Überragender "Stiffelio" an der Oper Frankfurt – Religiöse Krise und erotische Verwirrung

01. Februar 2016 - 16:48 Uhr

Frankfurt am Main (MH) – Giuseppe Verdis selten gespielter "Stiffelio" überzeugt an der Frankfurter Oper als zwingende Studie über christlichen Sektenzwang, Eifersucht, Liebe und unterdrückte Sexualität. Das liegt an Verdis ekstatischer Musik ebenso wie am überzeugenden Russell Thomas in der Titelpartie. Mehr noch: Benedict Andrews' konsequente Regie und Johannes Schütz' karge Bühne garantieren 150 Minuten atemlose Spannung. Das Publikum reagierte bei der Premiere am Sonntag einhellig begeistert und feierte den amerikanischen Tenor mit Jubelrufen.

Stiffelio

Stiffelio

Ein evangelischer Sektenpriester im Konflikt zwischen geistlicher Pflicht und persönlicher Eifersucht, seine Ehefrau zwischen Liebe und Ehebruch, am Ende ein angebliches Lieto fine mit christlicher Begnadigung, dem man getrost misstrauen sollte: Verdis lange verschollen geglaubter, damals stark zensierter und erst in den 1990er Jahren wiederhergestellter "Stiffelio" ist reich an fesselnden Themen und drängender Melodik. Für die Oper Frankfurt guter Grund, die restaurierte Rarität zu zeigen.

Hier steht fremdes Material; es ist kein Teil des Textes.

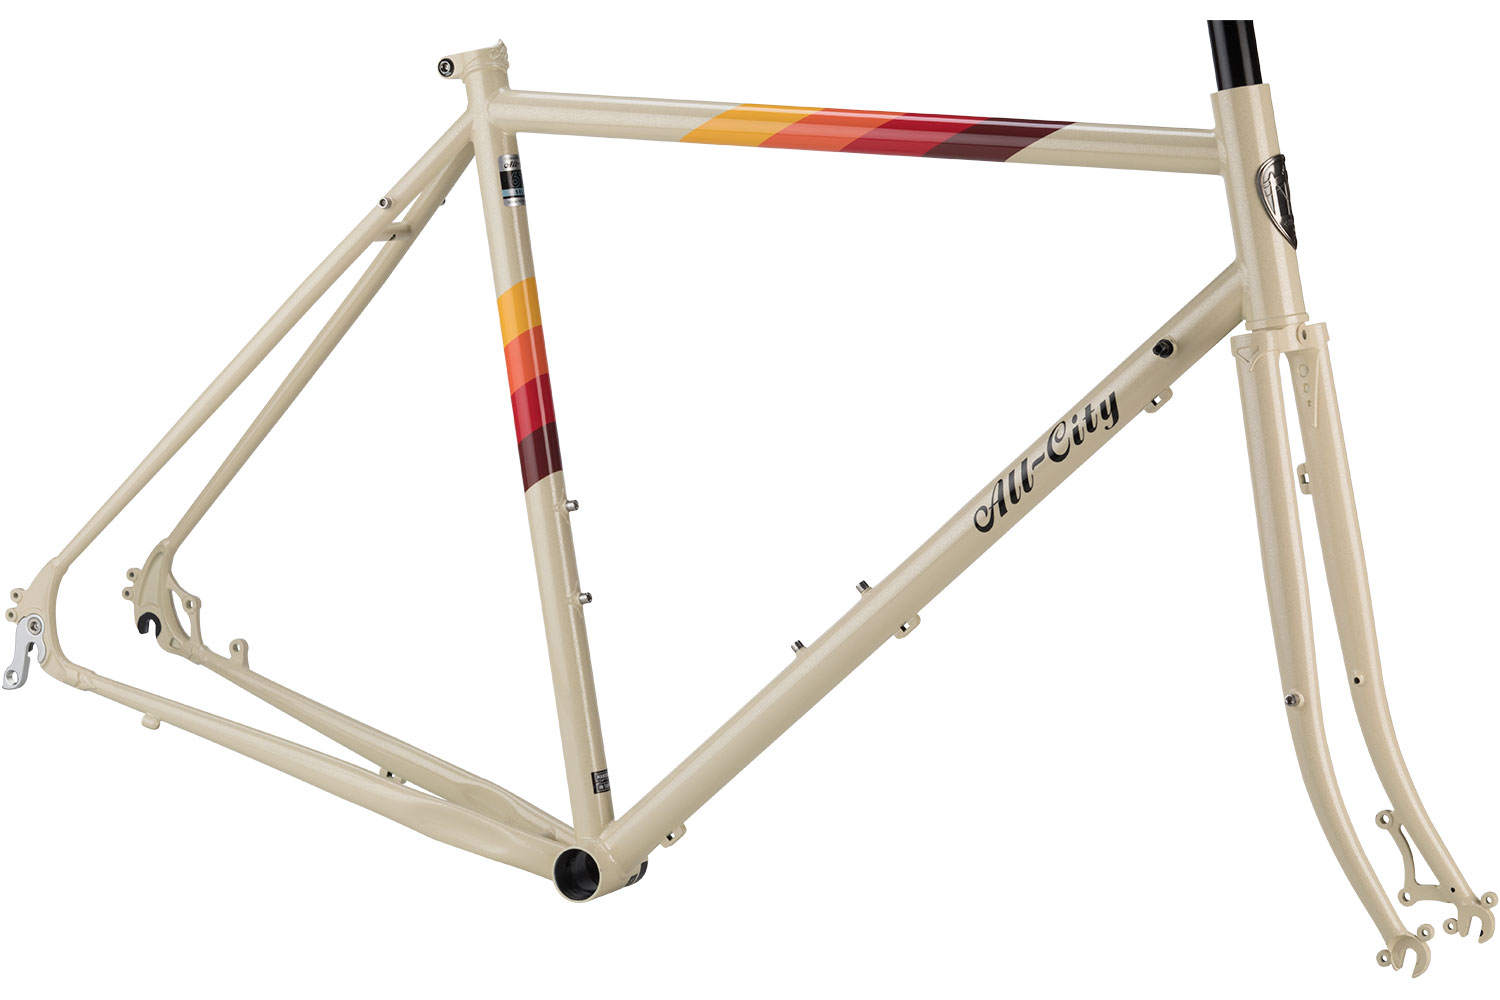 54cm bike frame height

In der Sicht des australischen Regisseurs Benedict Andrews ist Stiffelio der charismatische Führer von fundamentalen Christen, die sich von der bedrohlichen Außenwelt abschotten und versuchen, die Utopie universeller Liebe zu leben. Als Stiffelio durch die Untreue seiner Frau selbst am Glauben zu zweifeln beginnt, stürzt er damit auch seine Gemeinde in tiefe Verunsicherung. Ganz im Kontrast zur schwelgerischen, üppigen Musik Verdis zeigt der Frankfurter Johannes Schütz das Pfarrhaus als durchlässigen Ort, in dem es keine Sekunde Privatheit gibt. Kaum ist der Verdacht des Ehebruchs im Raum, setzt Schütz die große Drehbühne in Gang und das gläserne Haus gleich mit. Im Laufe der drei Akte wird es sich boshaft zum kalten Kreuz mit dunklen Schatten aufrichten, schwindelerregend abheben und als düsterer Kirchenraum zum Symbol der Unterdrückung mutieren.

Der aus Miami stammende Tenor Russell Thomas als Stiffelio macht jede Sekunde seines Auftritts zum Ereignis. Einfach unglaublich erscheint die in jedem Register aufregende Präsenz seiner Stimme, dazu seine schluchzende Weichheit in der Höhe und die emotionale Otello-Wucht der Darstellung. Mit der lyrischen Vielfarbigkeit ihres Soprans ist auch Sara Jakubiak als Ehefrau Lina ideal besetzt, während ihr Vater Stankar (Dario Solari), hier als inzestuöser Fundamentalist mit kalter Mordlust ausgestattet, in den Höhen seines Baritons ausgedünnt wirkt.

Durchwachsen auch die Leistung im Orchestergraben. Mozartspezialist Jérémie Rhorer scheint in seinem Verdi-Debüt nicht immer sicher. Unschöne Ausfransungen bei den Streichern im zweiten Akt und eine überlaute Penetranz der Wiederholungen stören den Gesamteindruck. Dafür hat Tilmann Michael seinen mennonitischen Blumenchor samt Fetisch-Wallehaaren (Kostüme: Victoria Behr) bestens für das innige Miserere und die kraftvollen Massenszenen präpariert.